## LISTED ENTRIES:
____________

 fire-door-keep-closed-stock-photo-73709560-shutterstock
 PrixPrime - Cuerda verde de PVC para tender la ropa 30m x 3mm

____________

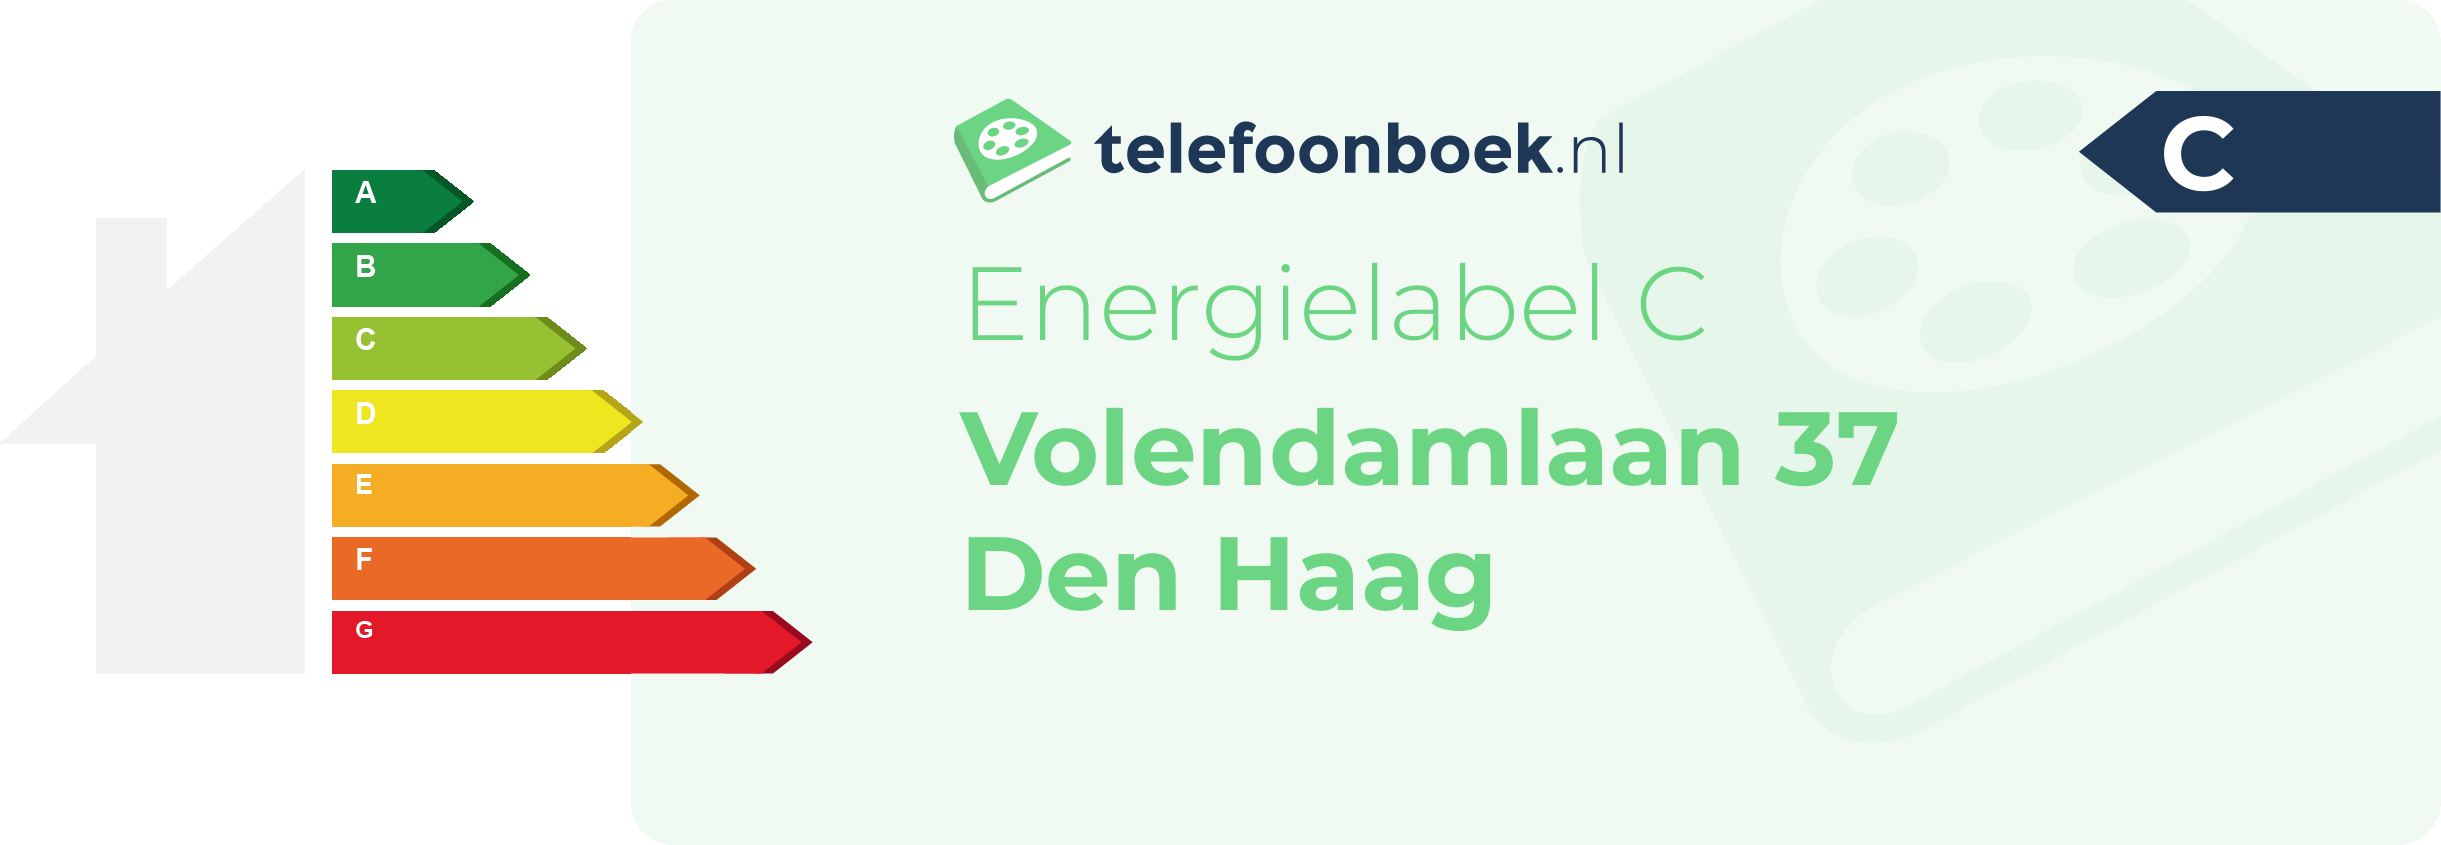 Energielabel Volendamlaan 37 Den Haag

____________

## EXERCISE INSTRUCTIONS:
Please copy, exactly as written, every line in the listing above from the line with "fire-door-keep-closed-stock-photo-73709560-shutterstock" up to and including the line with "PrixPrime - Cuerda".

## OUTPUT:
 fire-door-keep-closed-stock-photo-73709560-shutterstock
 PrixPrime - Cuerda verde de PVC para tender la ropa 30m x 3mm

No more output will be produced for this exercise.